Relative binding affinities using Amber

The procedure has become much simpler with Amber 13, as is described below.
For the old procedure in Amber 11, see below.
ccpbiosim

The sign of the results is that of the reaction from lambda=0 to lambda=1 (i.e. a negative sign means that lambda=1 is more stable).
The lambda=0 state is that defined in timask1.
You should calculate dG(tot) = dG(protein) - dG(water).

Amber 13-

Starting from Amber 13, TI can be performed with pmemd, using a single prmtop file, containing both ligands as separate residues.
There is no need to reorder atoms for the soft core.

Ensure that you have *.in files for the two ligands and a pdb file with the protein and the two ligands (prot.pdb).
Atoms that should be common for the two ligands need to be perfectly overlapping (these atoms are identified by the coordinates, not by atom names, which may be different).
Set up the protein as described in the equilibration home page.
Run tleap with the pdb file with protein+ligand1+ligand2.
Save the files as prot.prm and prot.rst
Remove the protein from the pdb file (wat.pdb) and run tleap again with this file.
Save the files as wat.prm and wat.rst
A template leap.in file is given below.
Run mkfep-pmemd to set up all the needed files for the FEP calculation.
Answer the following questions (or better put the answers in a fep.in file)
- Length of the equilibration simulation (0.5 ns)
- Length of the equilibration simulation (1.0 ns)
- Number of lambda values (13;
     predefined sequences are
     11: 0, 0.1, ..., 0.9, 1.0
     13: 0, 0.05, 0.1, 0.2, ..., 0.8, 0.9, 0.95, 1.0
     21: 0, 0.05, 0.1, 0.15, ..., 0.85, 0.9, 0.95, 1.0
     if you enter another number, you need to specify the values also
- Name of ligand 1 (3 letters)
- Name of ligand 2 (3 letters)
- Atoms in the soft core of ligand 1 (string of atom names)
- Atoms in the soft core of ligand 2 (string of atom names)
- Residue number of the last crystal-water molecule
- Computer on which the calculations will be run (platon, alarik, or abisko
- Whether you want random velocities or not (useful if you want to generate independent simulations; then, use also different solvent boxes, cf. SIIT)
- Wall-clock-time of prot and wat simulation (on one line, two integers)
Note that the soft-core mask also defines which atoms will have different coordinates for the two ligands.

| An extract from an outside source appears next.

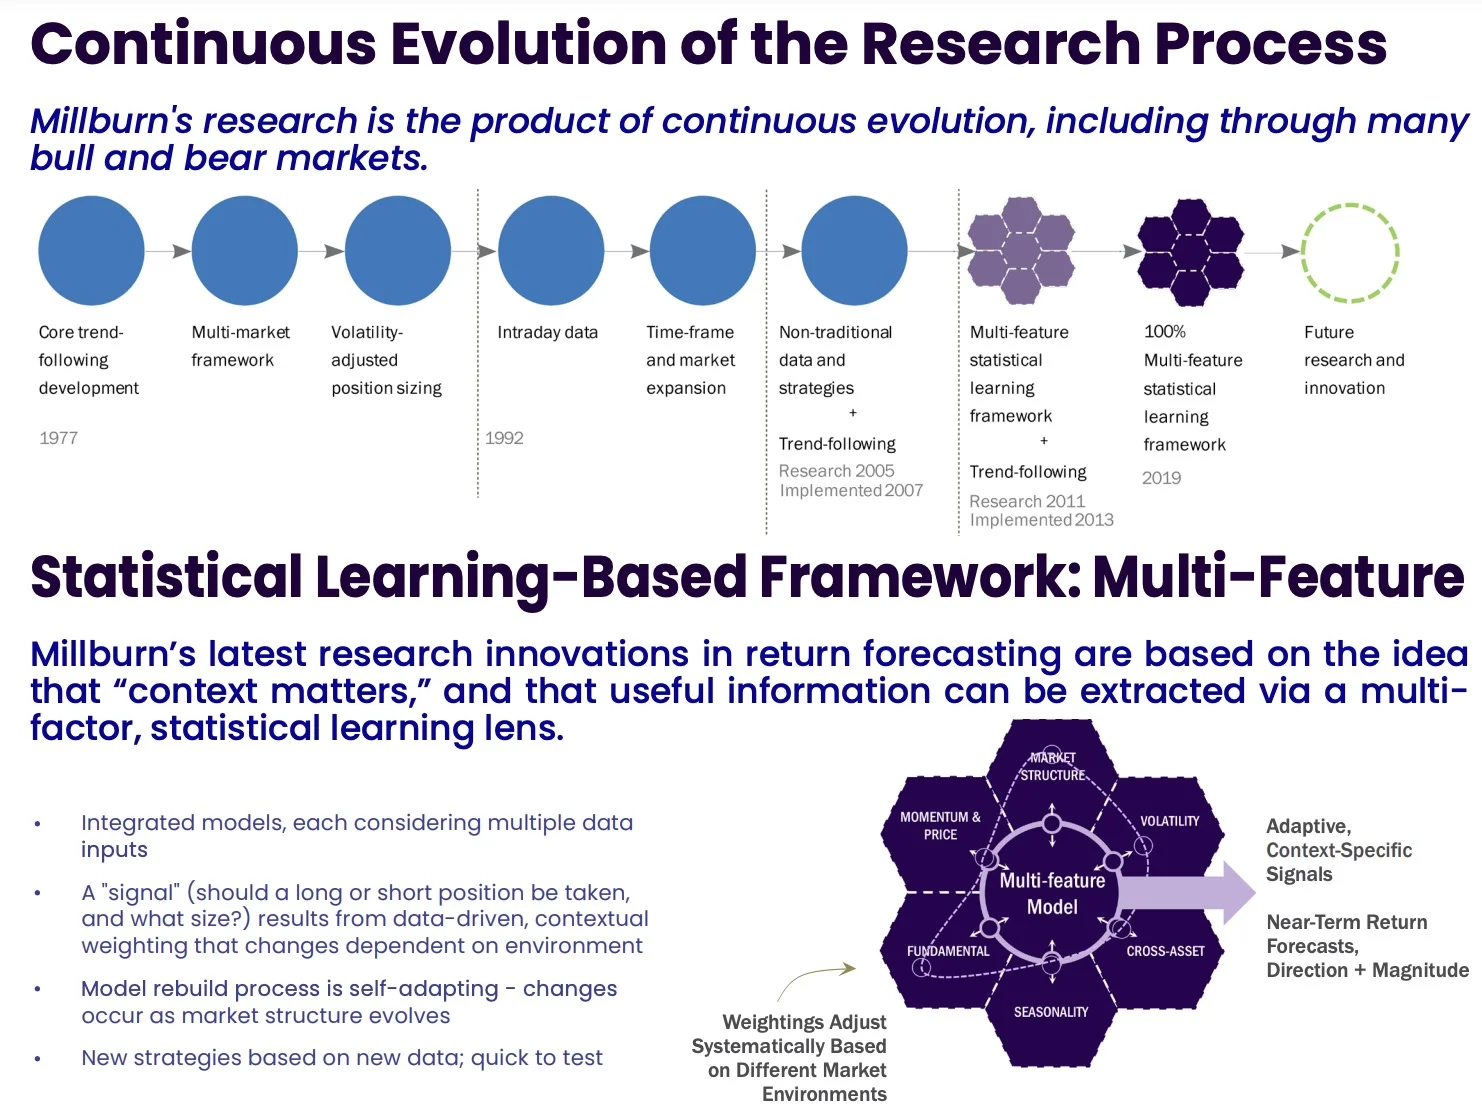 Catalyst/Millburn Evolution Of Research Process and Strategy over the years to develop a multi-strategy approach to Global Systematic

mkfep-pmemd sets ifmbar=1, bar_intervall=1000,bar_l_min=0.00,bar_l_max=1.00,bar_l_incr=0.05
and
snapshots saved every 1 ps
If you want anything else, you may easily change the code:
cp /temp4/bio/Amber/Gfortran/mkfep-pmemd.f .
gfortran -o mkfep-pmemd mkfep-pmemd.f
Move the files to the remote computer and start all simulations by
. sub.bash

If you have a metal site that requires restraints (e.g. Ca with several water molecules), prepare a file with the restraints and call it rst. mkfep-pmemd will see this file and set up the needed lines in the sander.in files.

Sample rst file:

&rst
   iat=24132,26210,
   r1=0.0,r2=2.4,r3=2.4,r4=100.,
   rk2=50.0,rk3=50.0
&end

&rst iat=0 &end

Amber (owing to some bug) sometimes moves atoms outside the soft-core mask:
     Error : Atom    3325 does not have match in V1 !
This can be fixed by running modrest, command ff on the reOstart file, the prmtop file, and the sander.in file (with soft-core information).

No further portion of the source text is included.